Council borrowing up by more than £2bn

Public sector borrowing in August was £12.1bn, which was £1.4bn more than a year earlier, mostly because local authorities borrowed more than initially expected.

Market economists had expected a drop in borrowing to £9bn, so were surprised at the figures, released by the Office for National Statistics (ONS) yesterday.

In its analysis of the figures, the Office for Budget Responsibility (OBR) said that, to meet the July Budget forecast of £69.5bn borrowing in 2015-16, there must be a £20.6bn reduction in borrowing throughout the financial year.

However a spike in borrowing in August and upward revisions to borrowing, especially from councils, between April and July slowed down improvement – with the year-to-date borrowing over the first five months of the financial year now only £4.4bn lower than the same period in 2014-15.

Its analysis report said: “There is some evidence that local authority borrowing could be higher than assumed in the July [Economic and Fiscal Outlook], given the latest Department for Communities and Local Government information on local authority current spending. We will be looking at this carefully in our next forecast.

“Other elements, such as the growth in central government receipts, are close to their full-year forecast.”

It added the revisions to this month’s release increased the public sector borrowing figure by £2.2bn in the first four months of 2015-16.

“An upward revision of £2.4bn in local authority borrowing more than explains the change. Central government spending was revised up by £0.9bn, largely reflecting higher spending by the Department of Health and the NHS than previously assumed,” the report added.

But the ONS blamed the rise in borrowing on a 3.5% fall in income tax paid during August compared to the same period last year, despite reiterating that monthly figures are “volatile”.

Public sector debt also increased by almost 4.8% compared to August 2014, now standing at £1,505bn, largely due to borrowing.

A Treasury spokesperson said: “We have more than halved the deficit but there’s more to do with debt remaining higher than 80% of GDP.”

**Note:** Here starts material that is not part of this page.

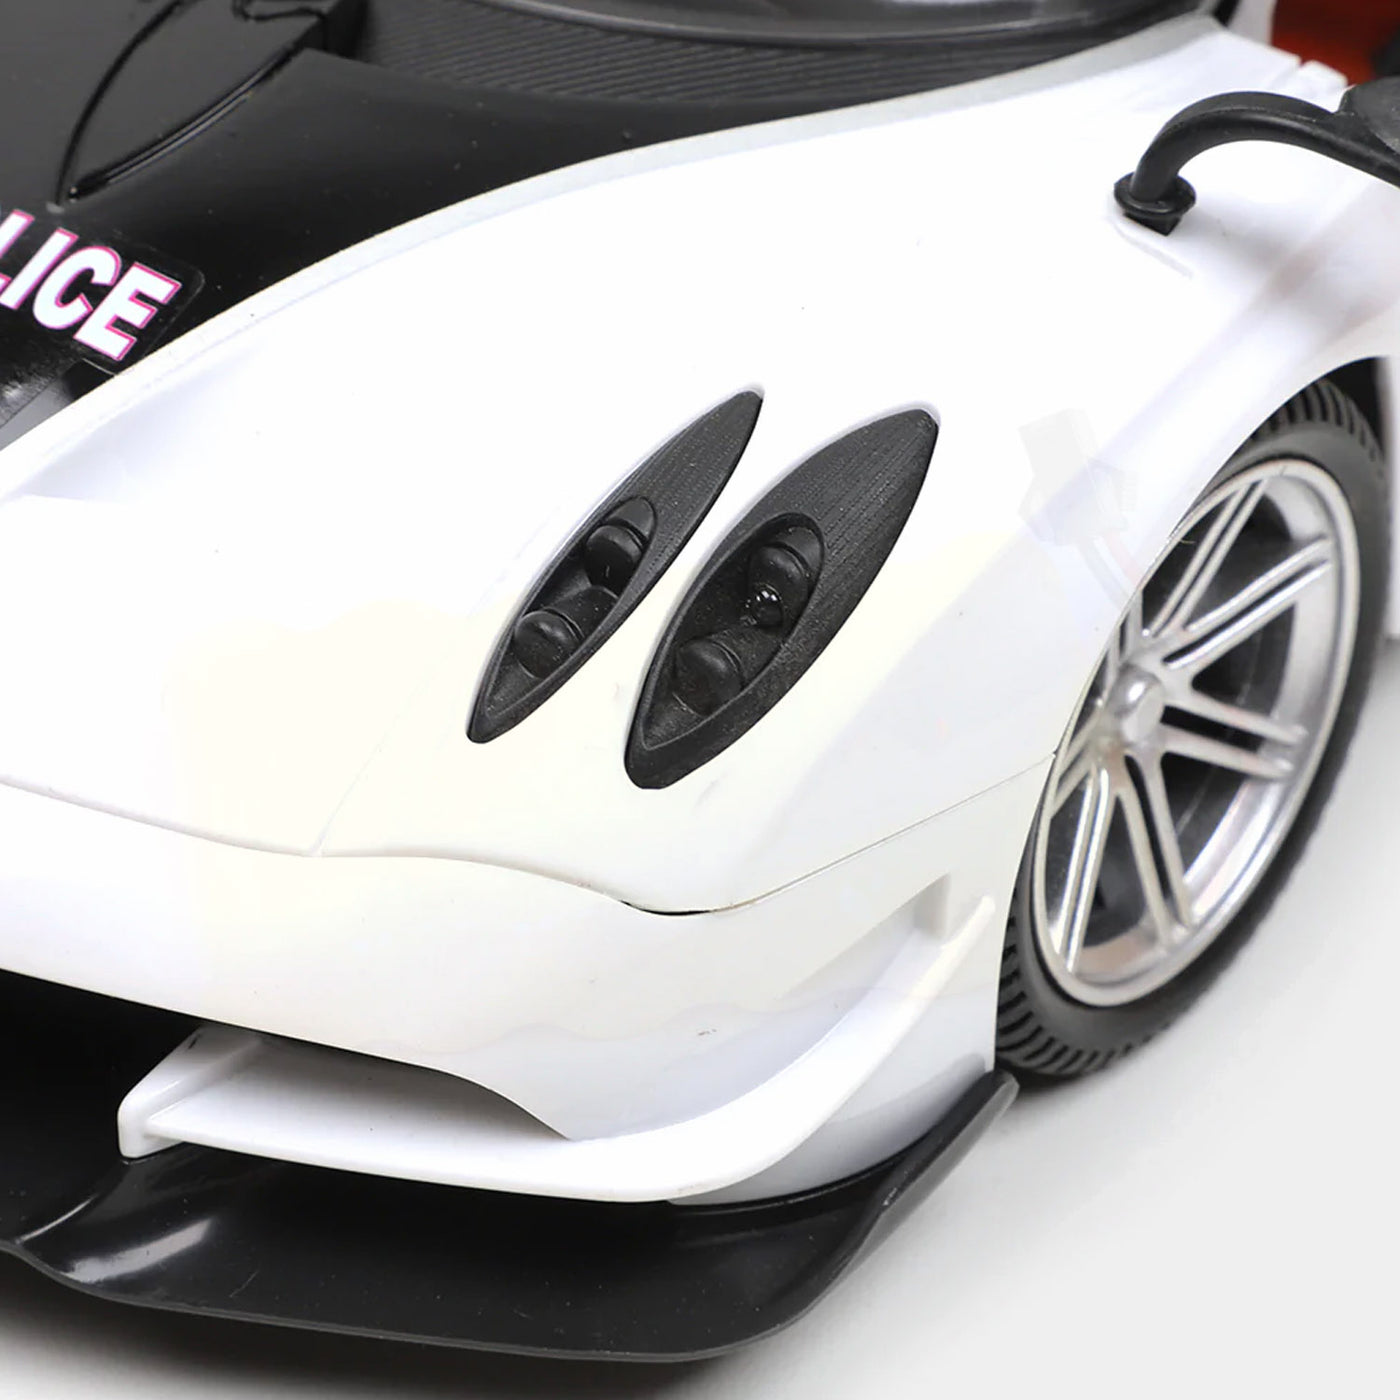 Speed Remote Control Car R/C For kids - White

But Vicky Redwood, from Capital Economics, said the figures brought the “recent run of good news on the public finances to an abrupt end” as the £12.1bn net borrowing was “significantly higher” than the consensus forecast of £9.2bn.

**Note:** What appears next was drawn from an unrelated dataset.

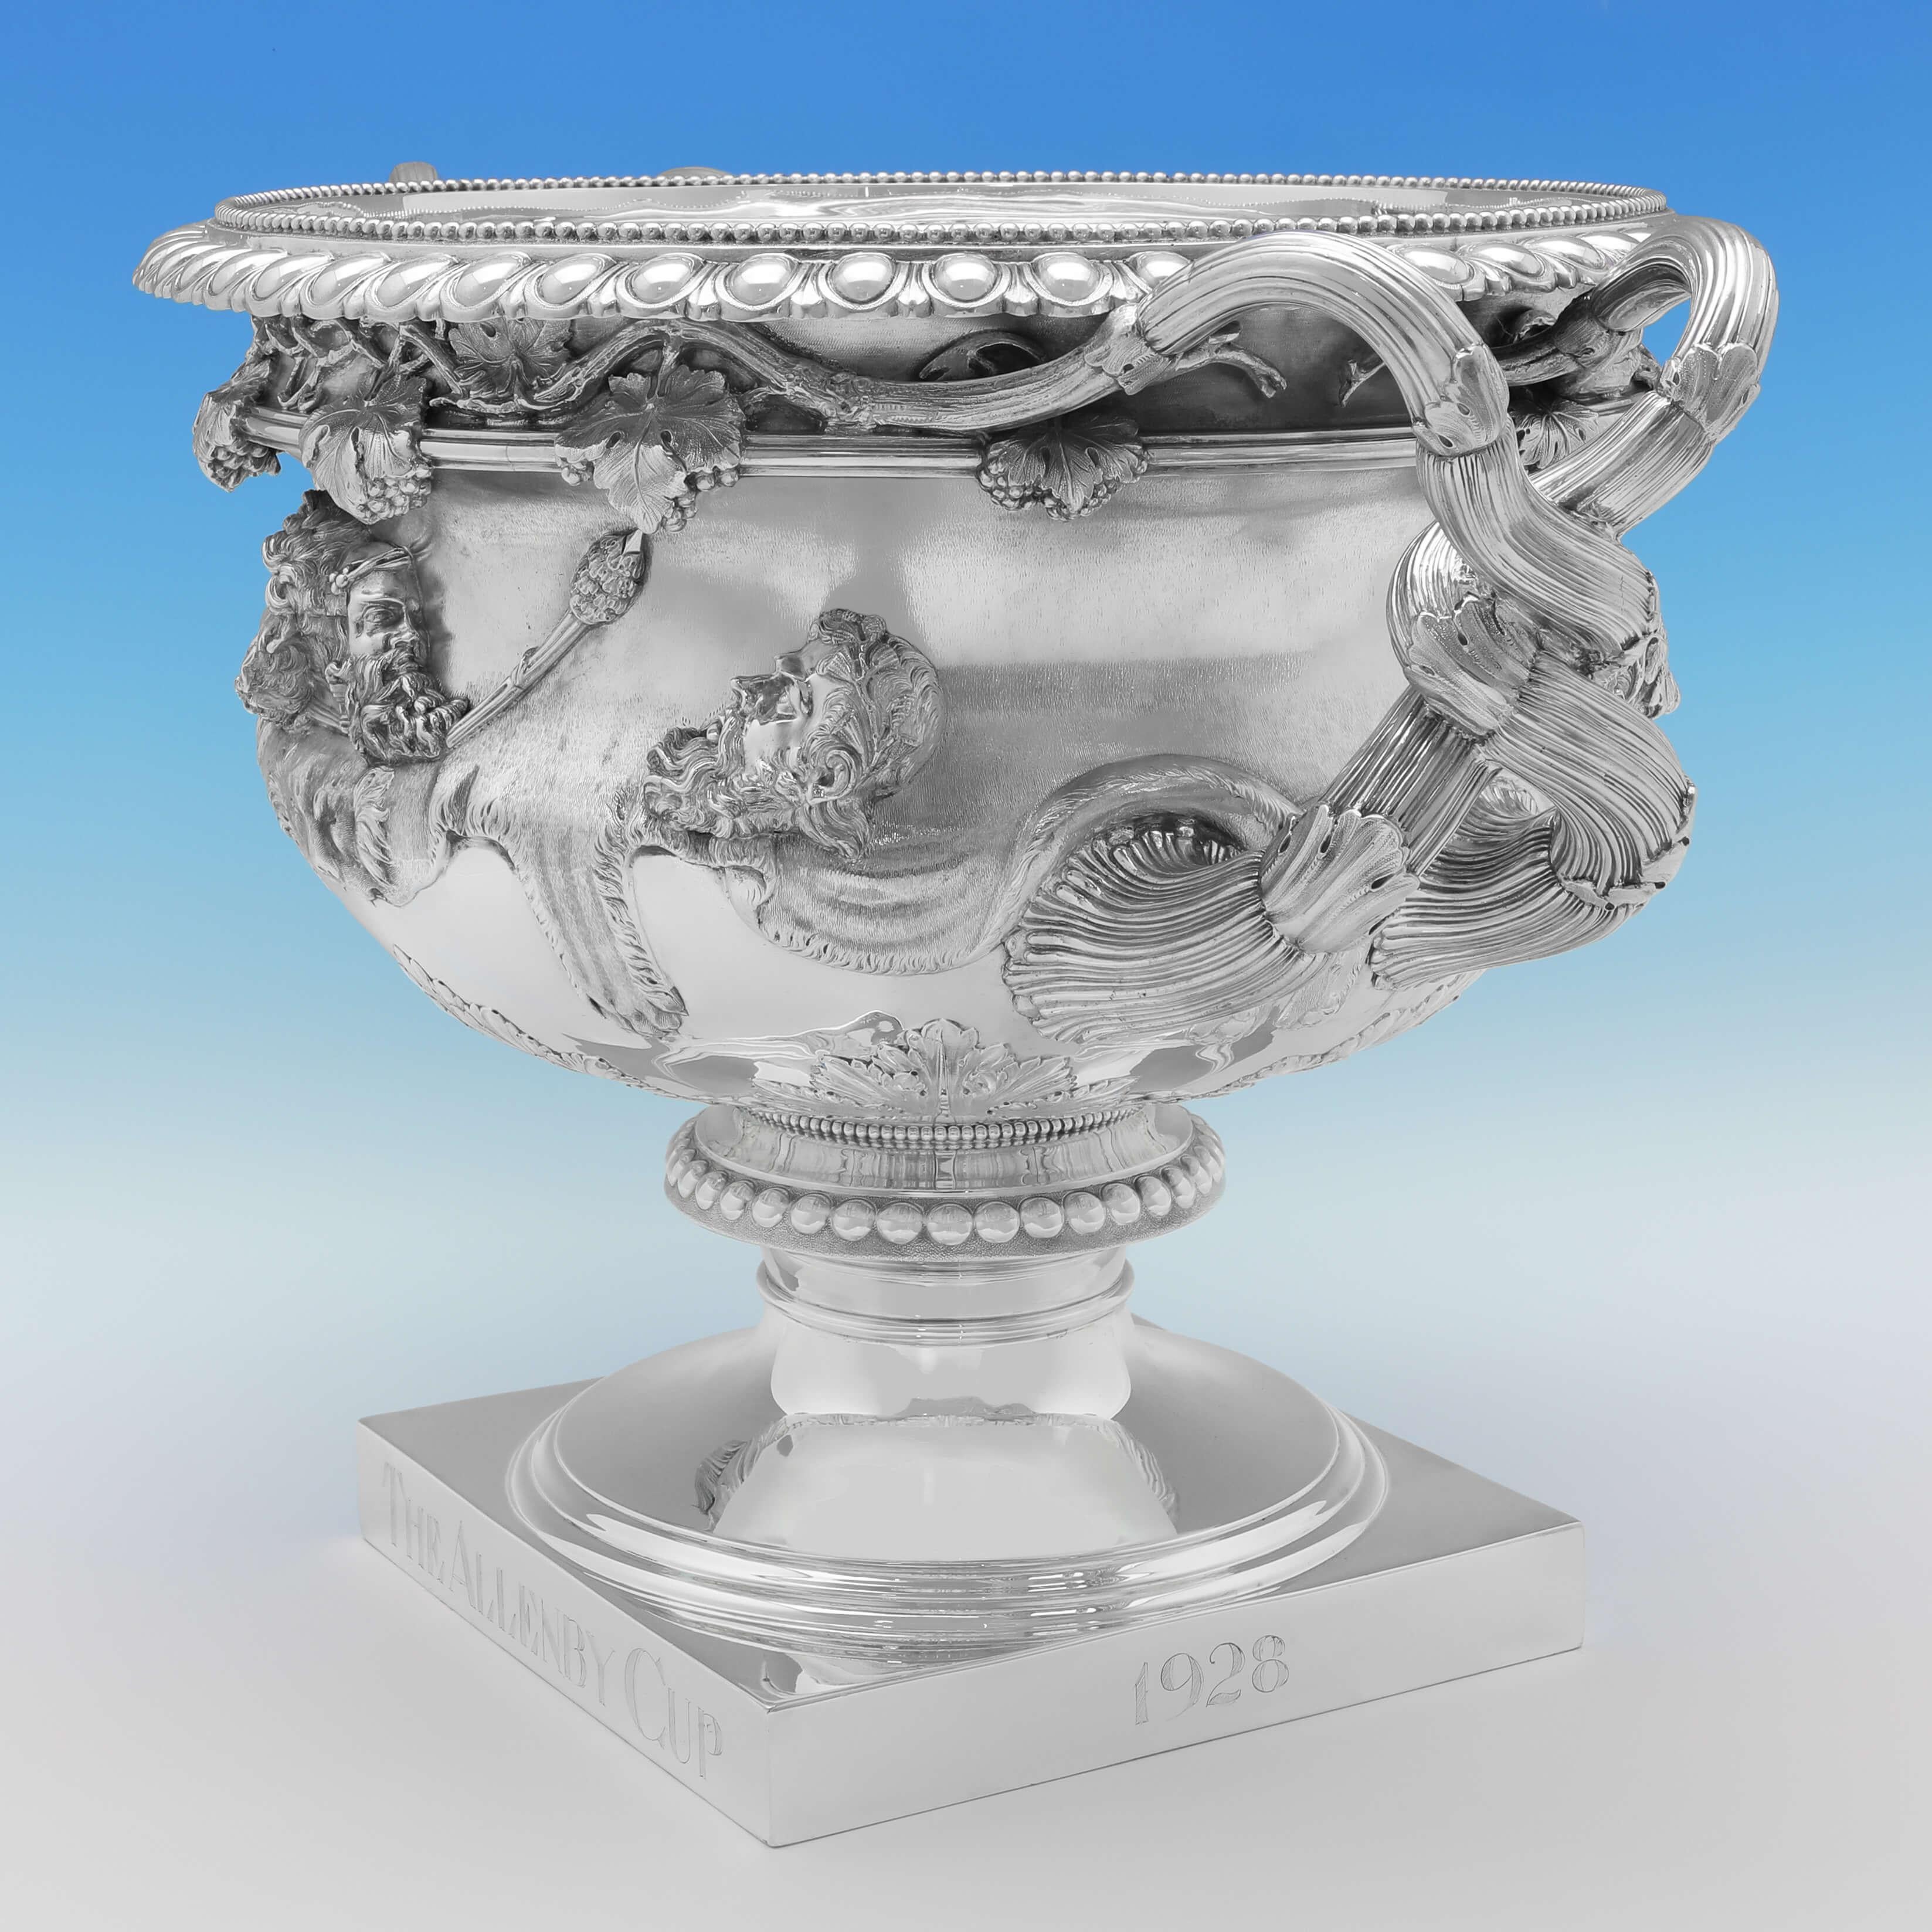 Hallmarked in London in 1906 by Barnards, this monumental, Edwardian, antique sterling silver Warwick vase, is exceptionally large and heavy, and wonderfully made. The base is engraved to one side with 'The Allenby Cup', and to another 'Heliopolis'

“That said, hopefully this will just be a temporary blip, as tax receipts should be feeling the benefits of the recent strength of the economic recovery,” she said.

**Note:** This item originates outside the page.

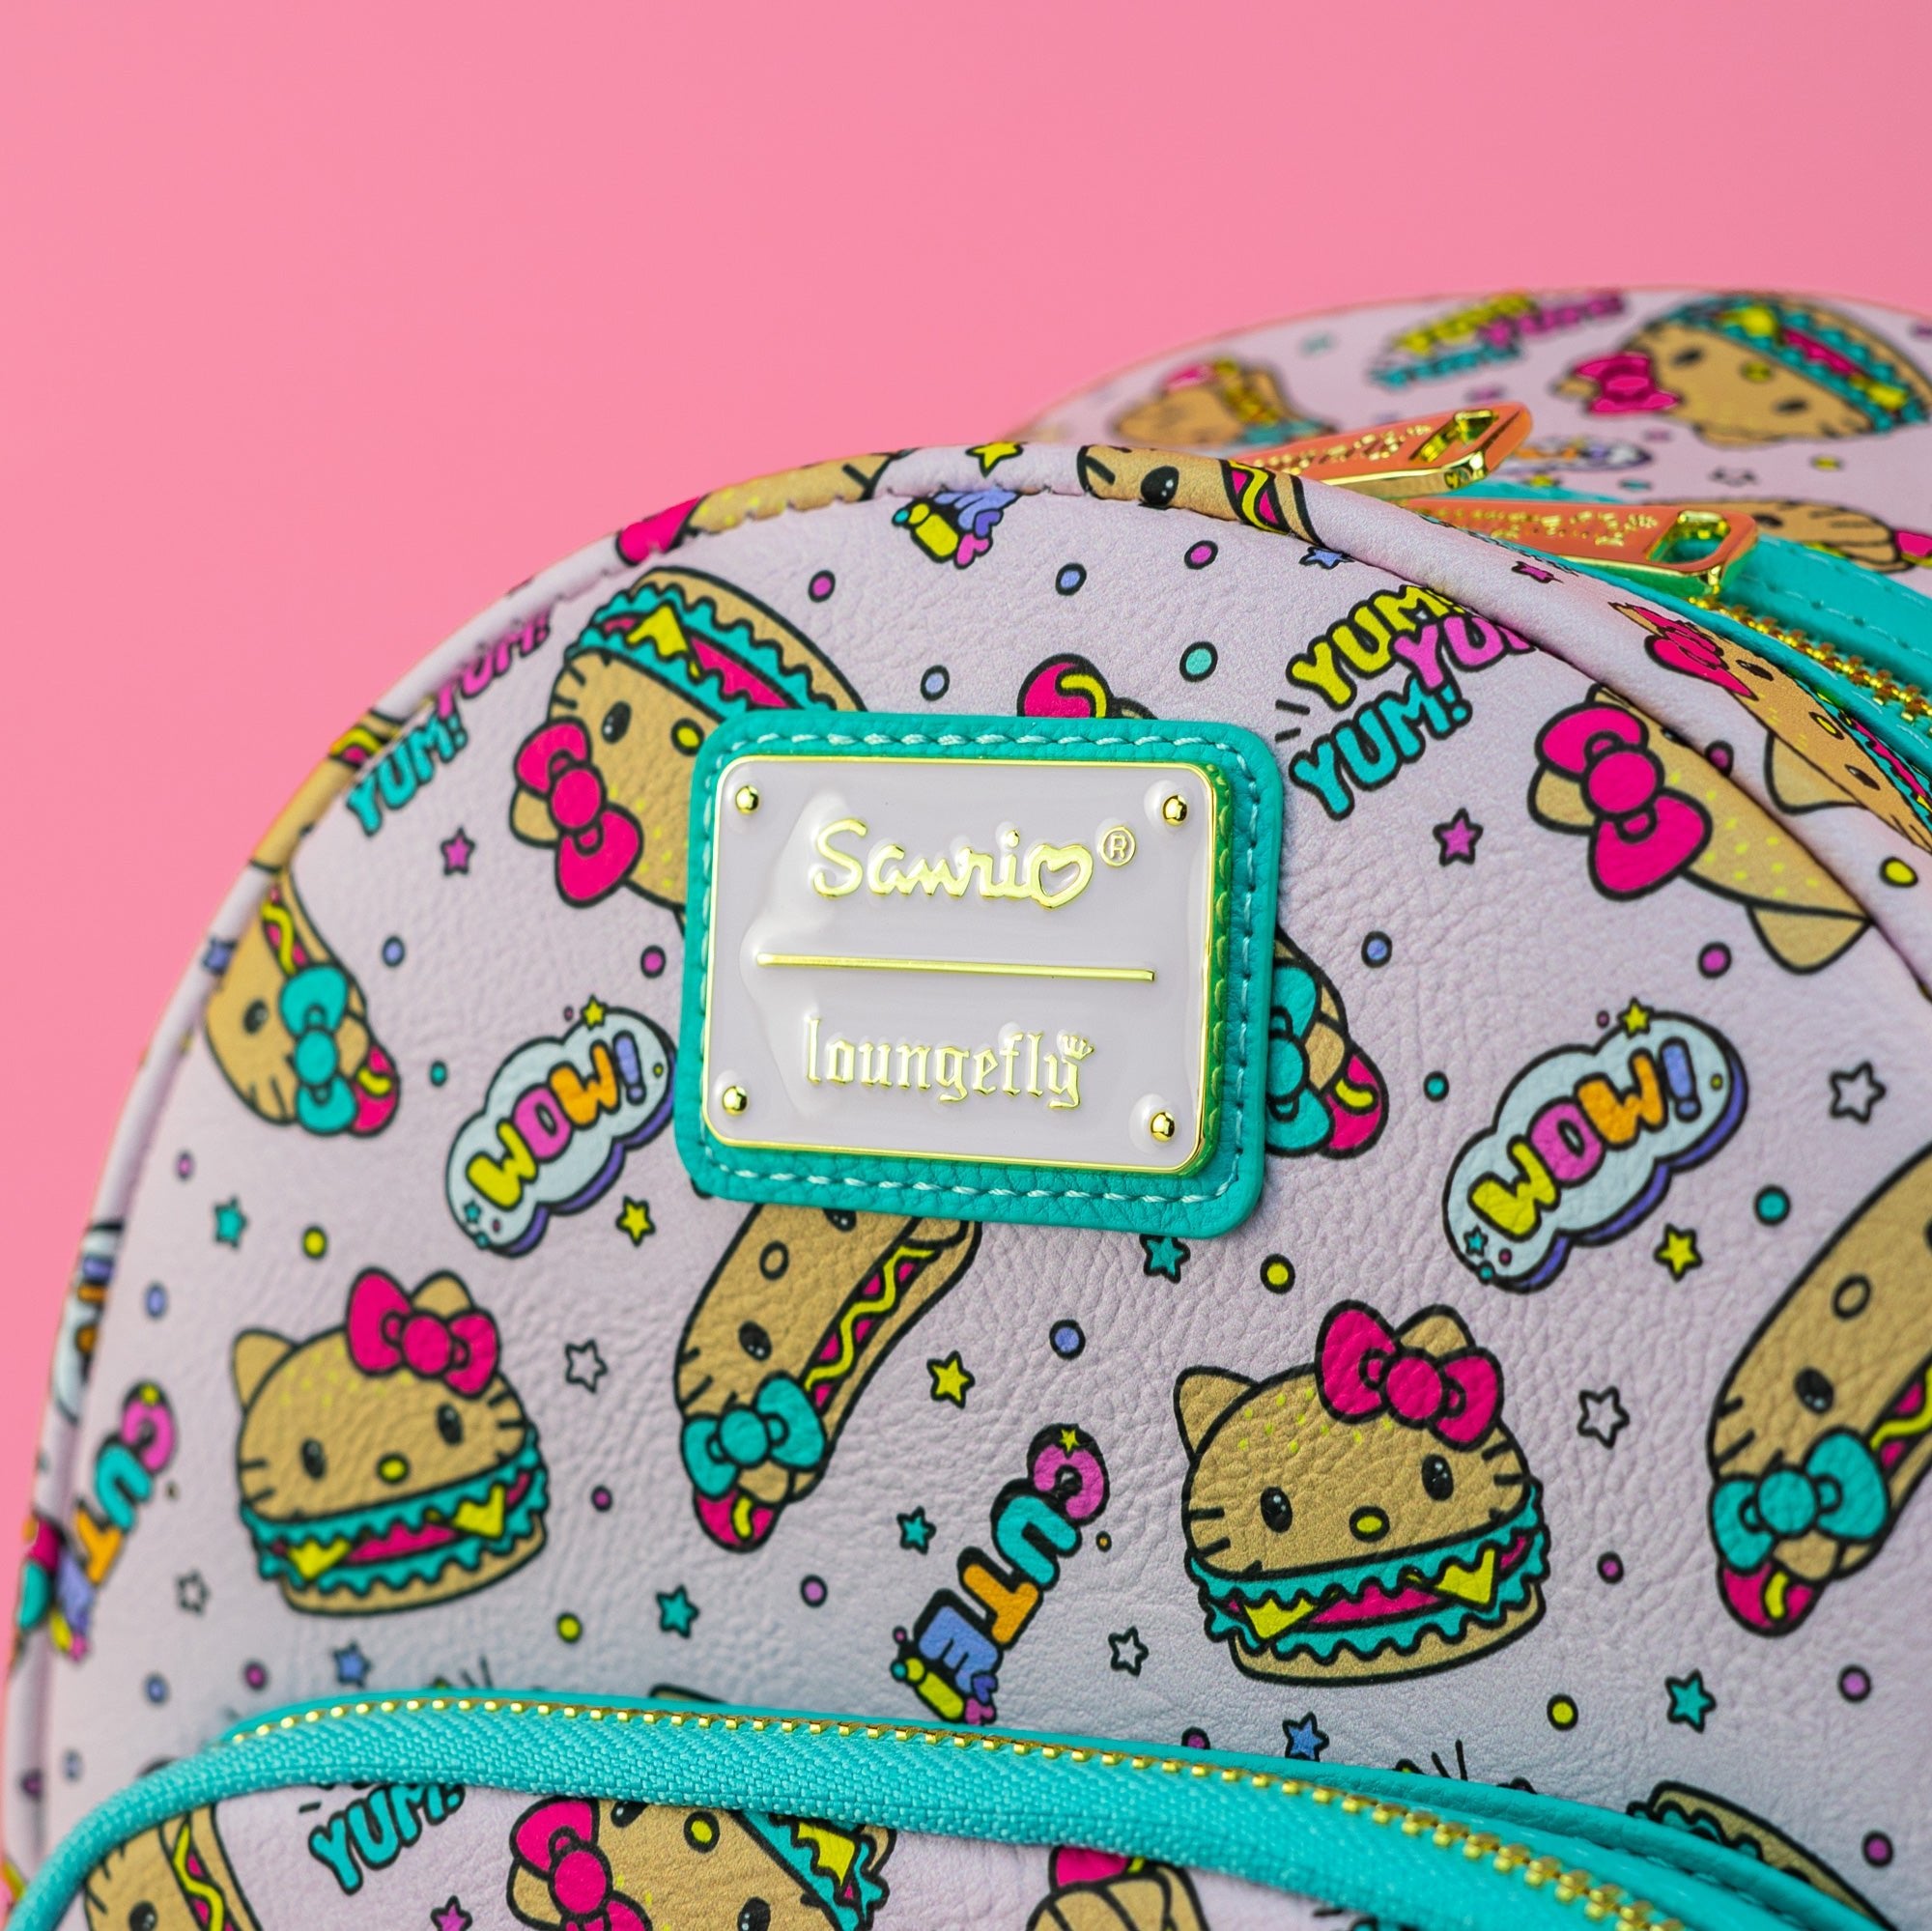 Loungefly x Sanrio Hello Kitty Burger and Hot Dog Print Mini Backpack - GeekCore

And Ross Campbell, director for public sector policy at the Institute of Chartered Accountants in England and Wales, said the figures indicated “slow progress” by the government to reduce the budget deficit.

He added: “Despite it being £4.4bn less this financial year than the same timeframe last year, the deficit last month increased by £1.4bn compared with August 2014, and is higher than markets expected. Sorting our public finances depends on robust tax receipts, so it is disappointing to see corporation and income tax revenues decrease.

“The weakening global economy could also have a significant impact on tax receipts in the coming months, which would only make the situation worse.

“The Spending Review in November is looking at expenditure, but it must also take into account what income can be recouped, or we risk turning deficit reduction into a three-Parliament problem.”

Investec’s chief economist, Philip Shaw, also noted that if public finances remain on this course, the deficit will fall to £79bn this year, missing Summer Budget forecasts by £10bn.